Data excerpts
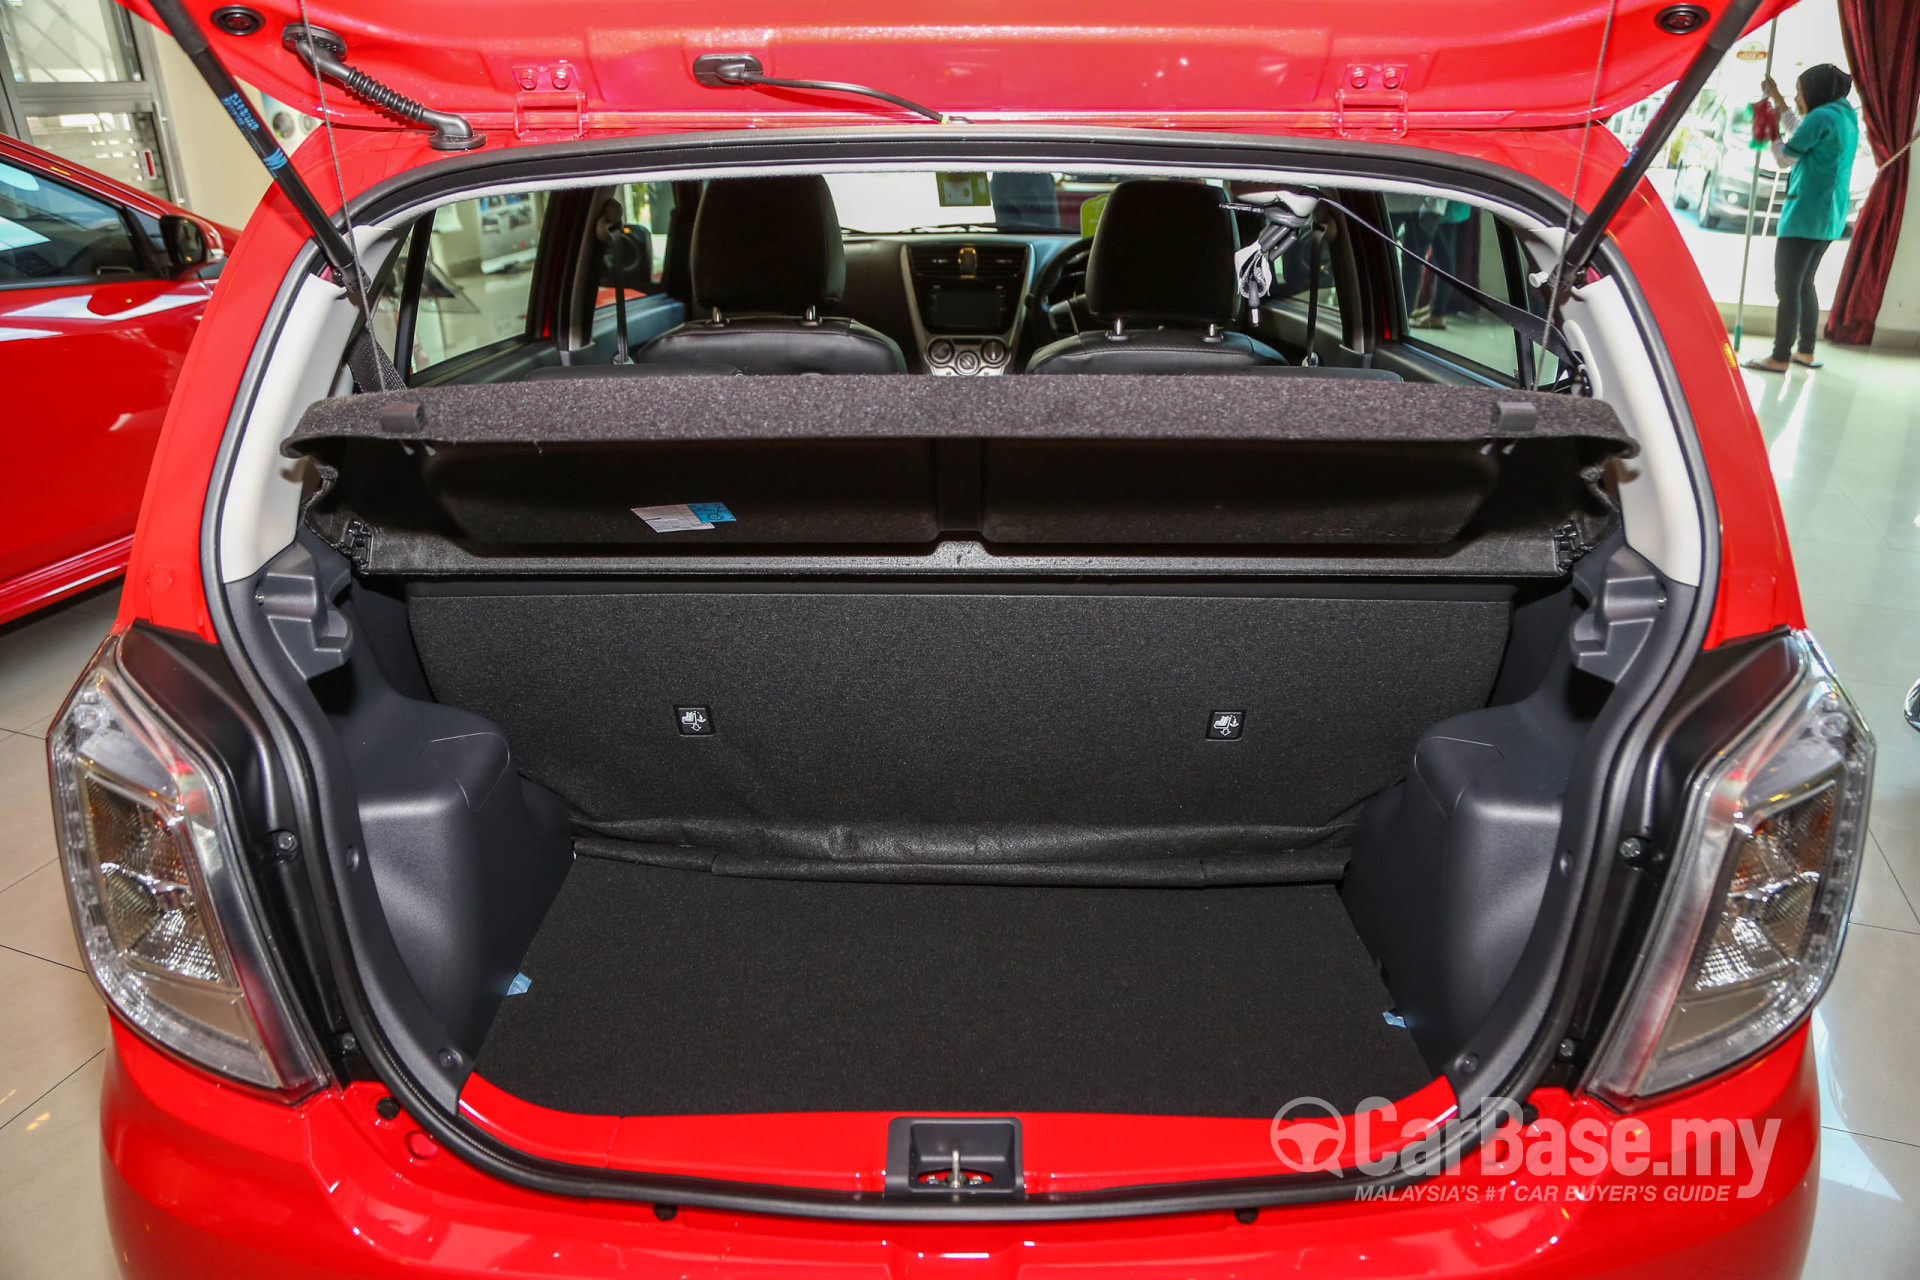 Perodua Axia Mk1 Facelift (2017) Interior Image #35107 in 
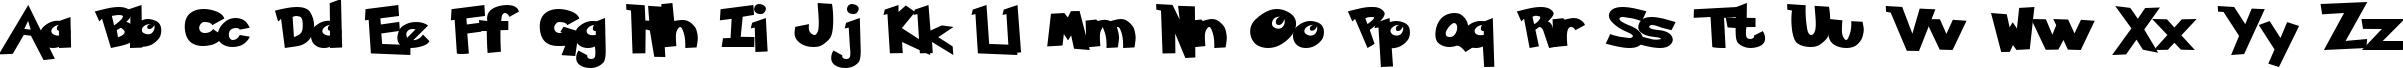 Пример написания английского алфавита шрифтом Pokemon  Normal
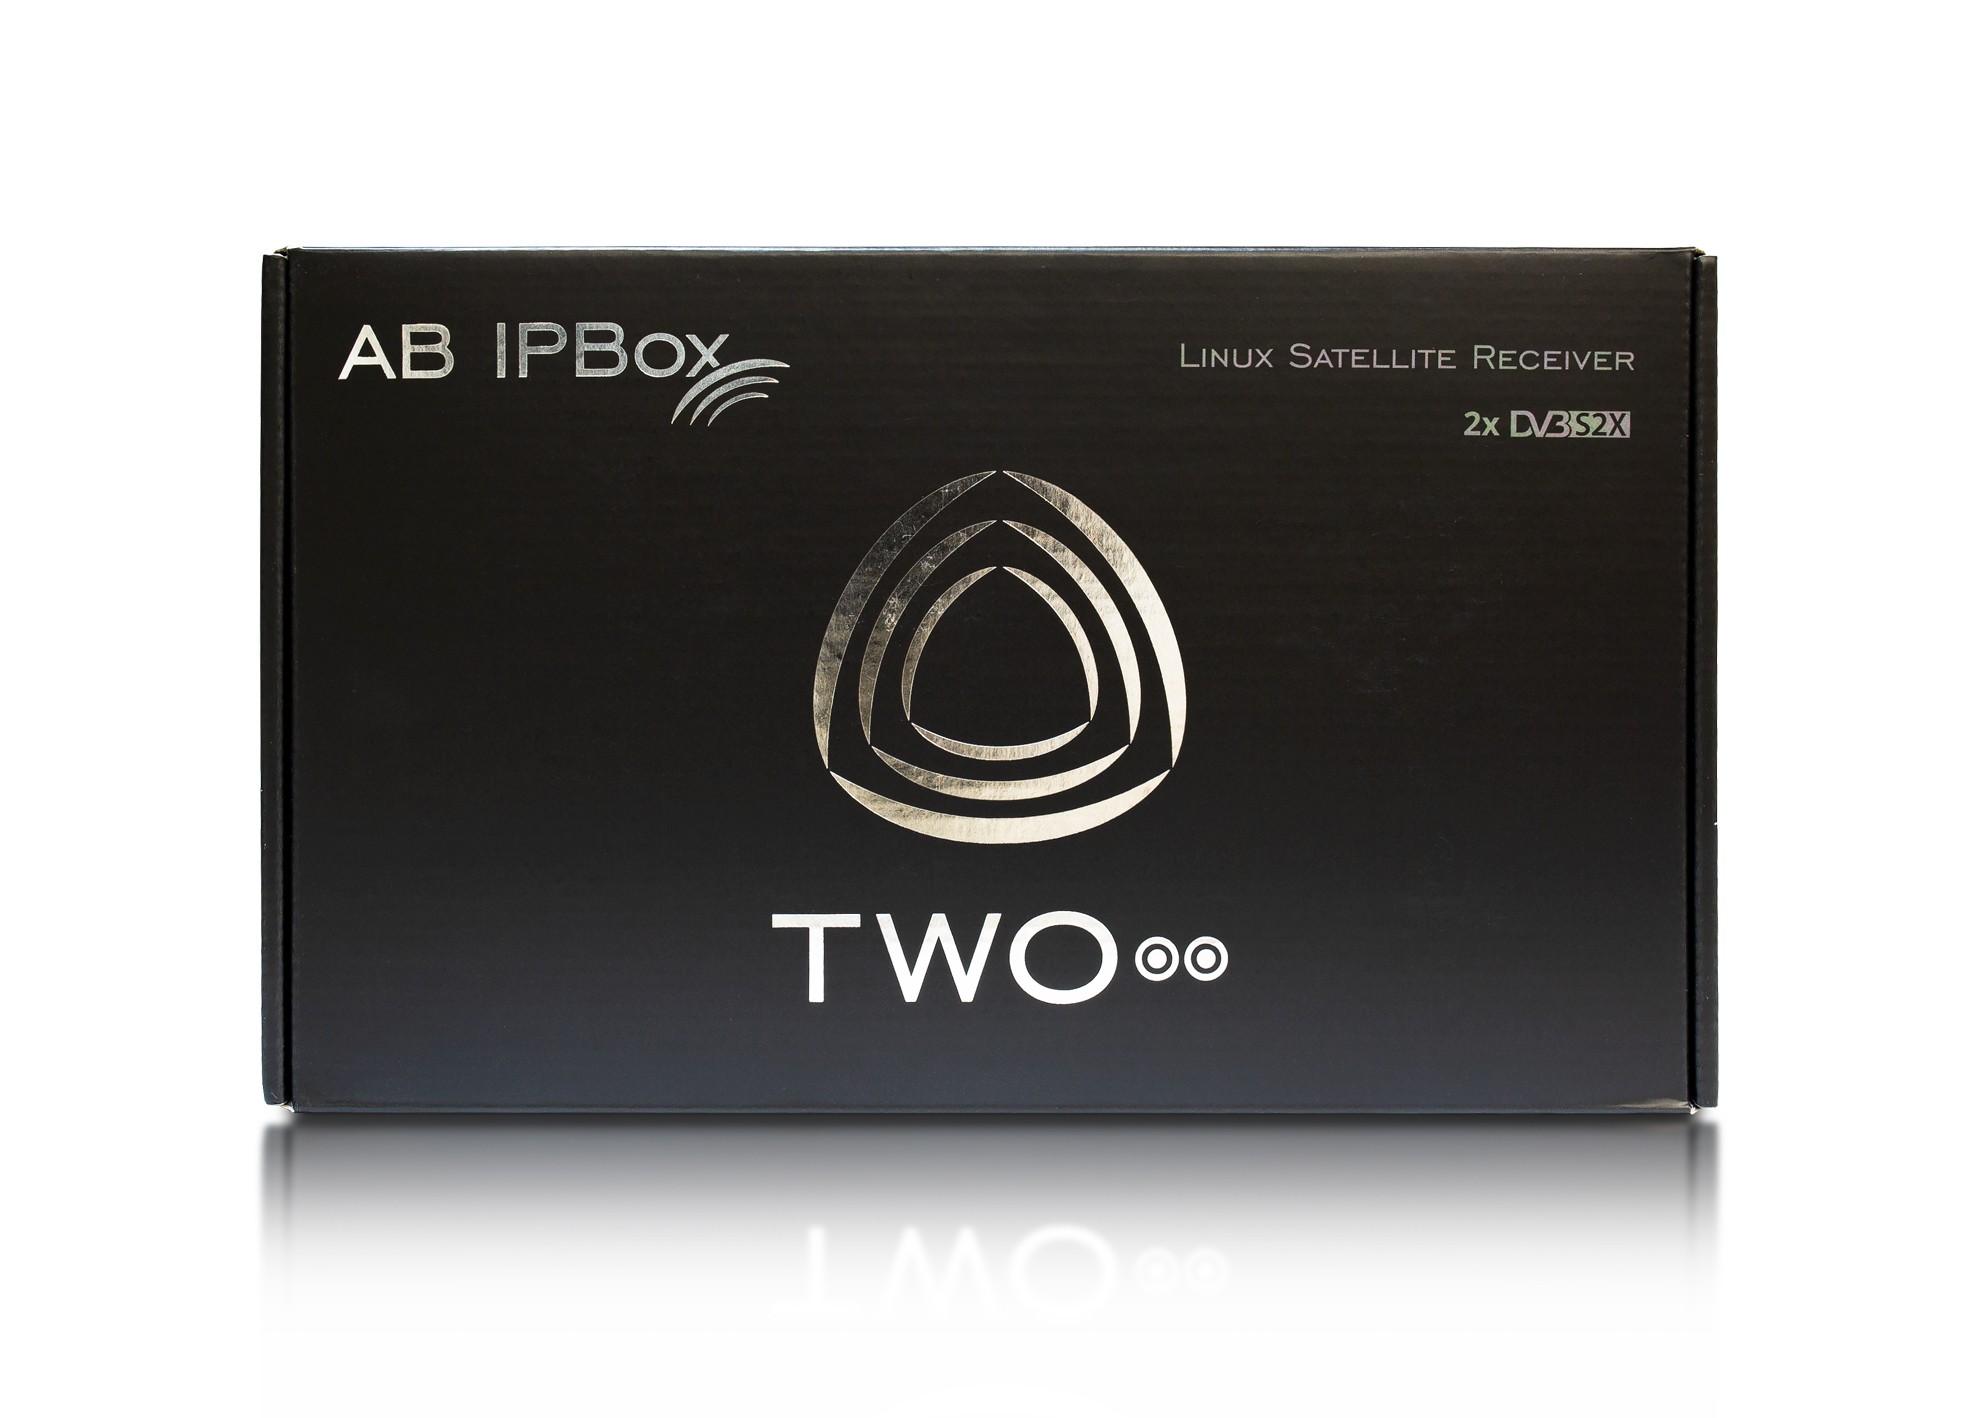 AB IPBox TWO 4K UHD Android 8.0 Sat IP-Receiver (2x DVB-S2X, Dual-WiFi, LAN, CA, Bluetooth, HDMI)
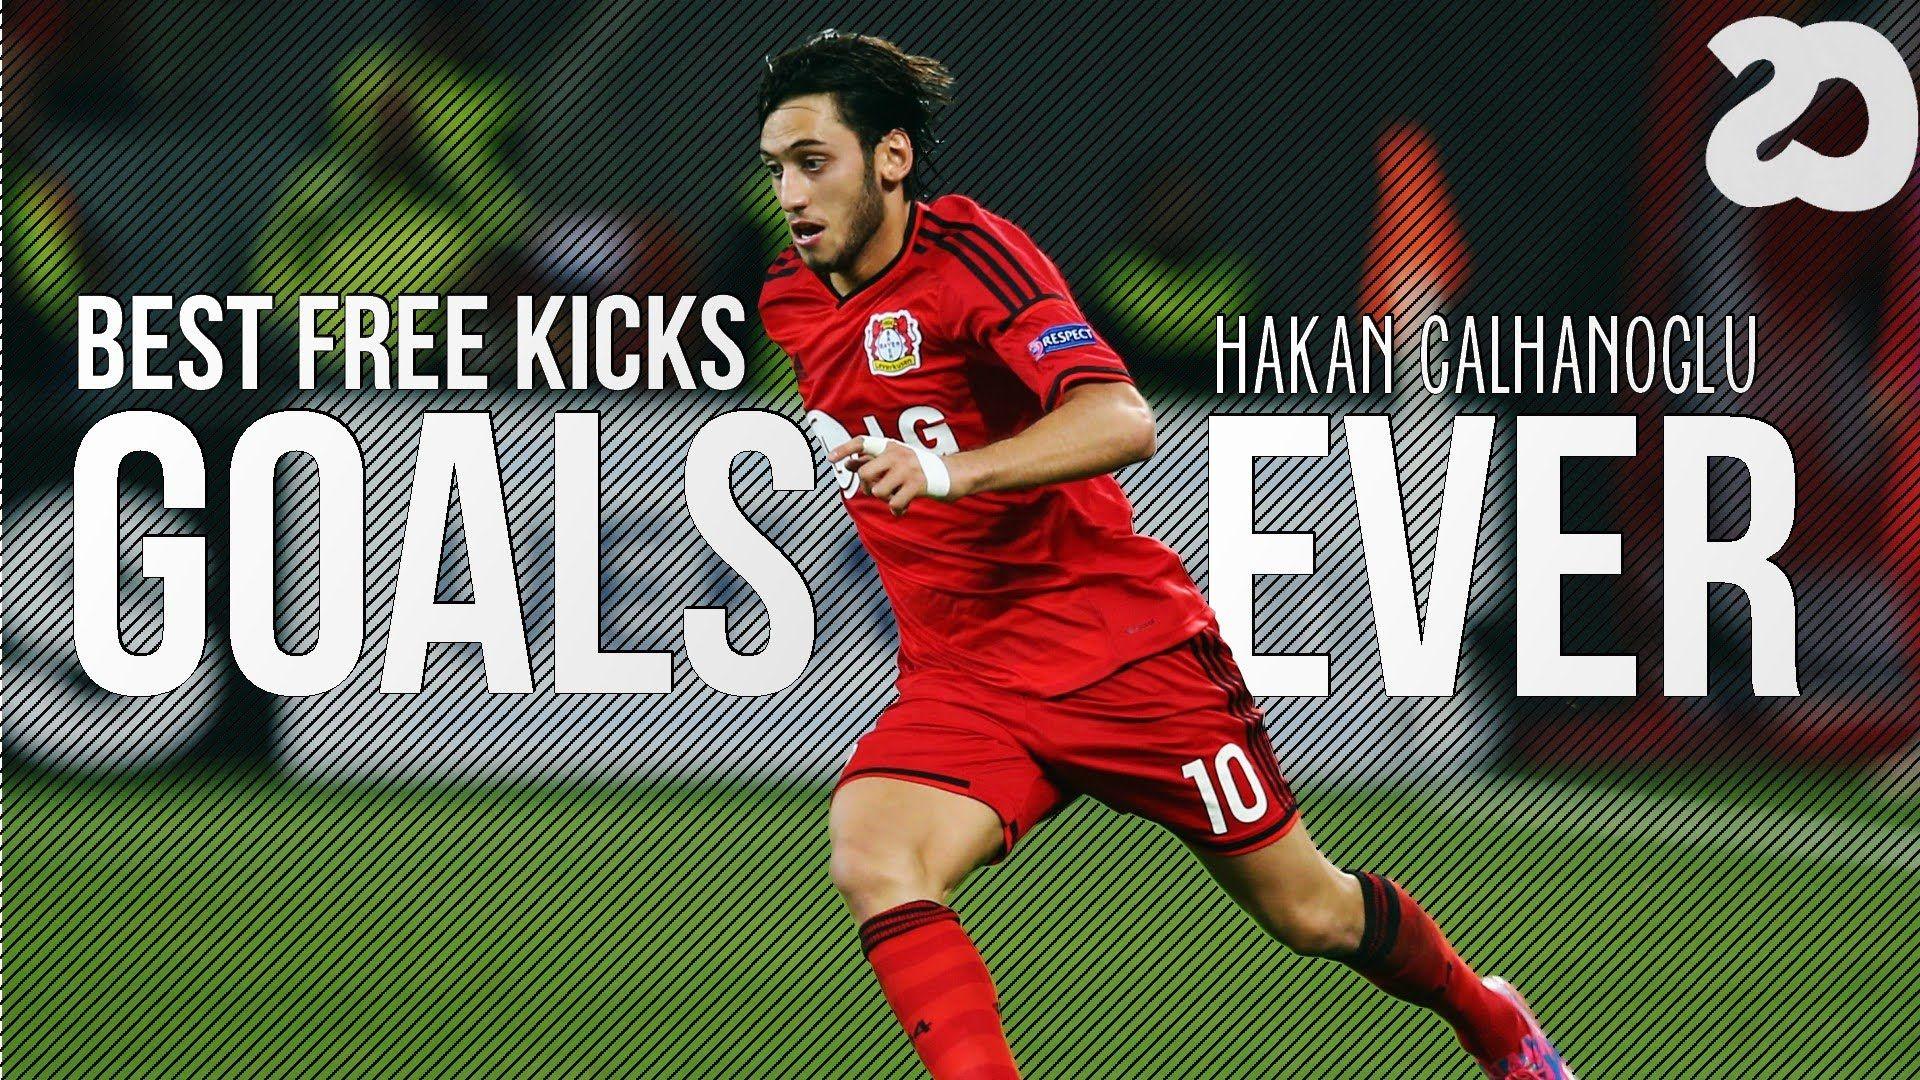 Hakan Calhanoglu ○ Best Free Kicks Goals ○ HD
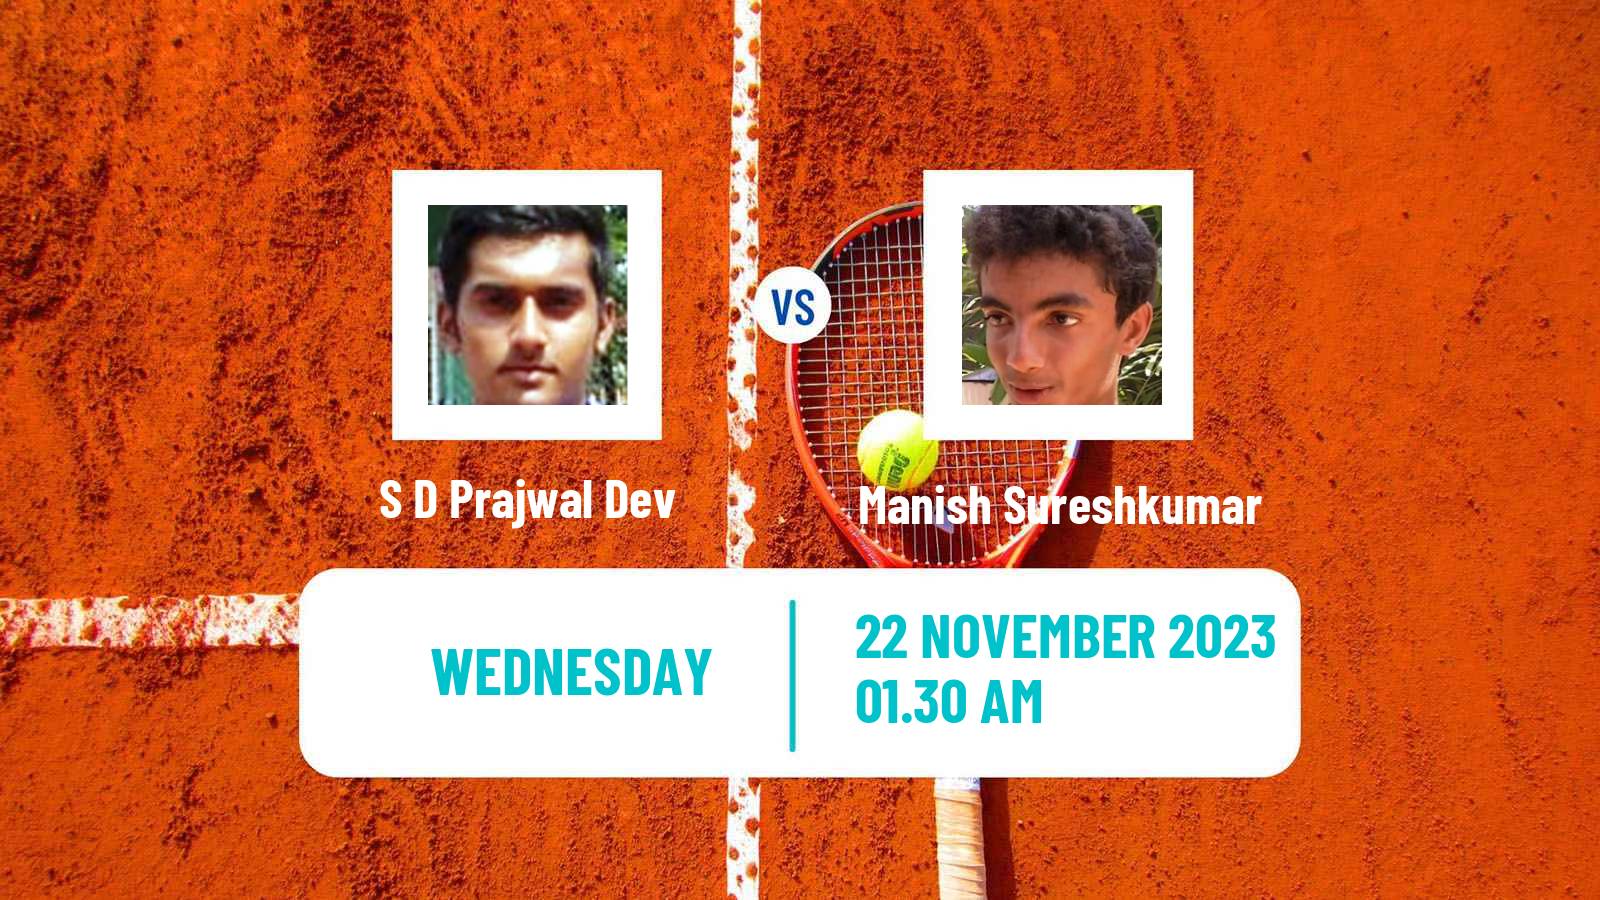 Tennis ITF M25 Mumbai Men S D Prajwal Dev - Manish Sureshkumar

### The task:
Set out, exactly as given, the line that contains "Пример написания английского" along with each line after it through the end of the records above; omit the pictures.

### Completed task:
 Пример написания английского алфавита шрифтом Pokemon  Normal
 AB IPBox TWO 4K UHD Android 8.0 Sat IP-Receiver (2x DVB-S2X, Dual-WiFi, LAN, CA, Bluetooth, HDMI)
 Hakan Calhanoglu ○ Best Free Kicks Goals ○ HD
 Tennis ITF M25 Mumbai Men S D Prajwal Dev - Manish Sureshkumar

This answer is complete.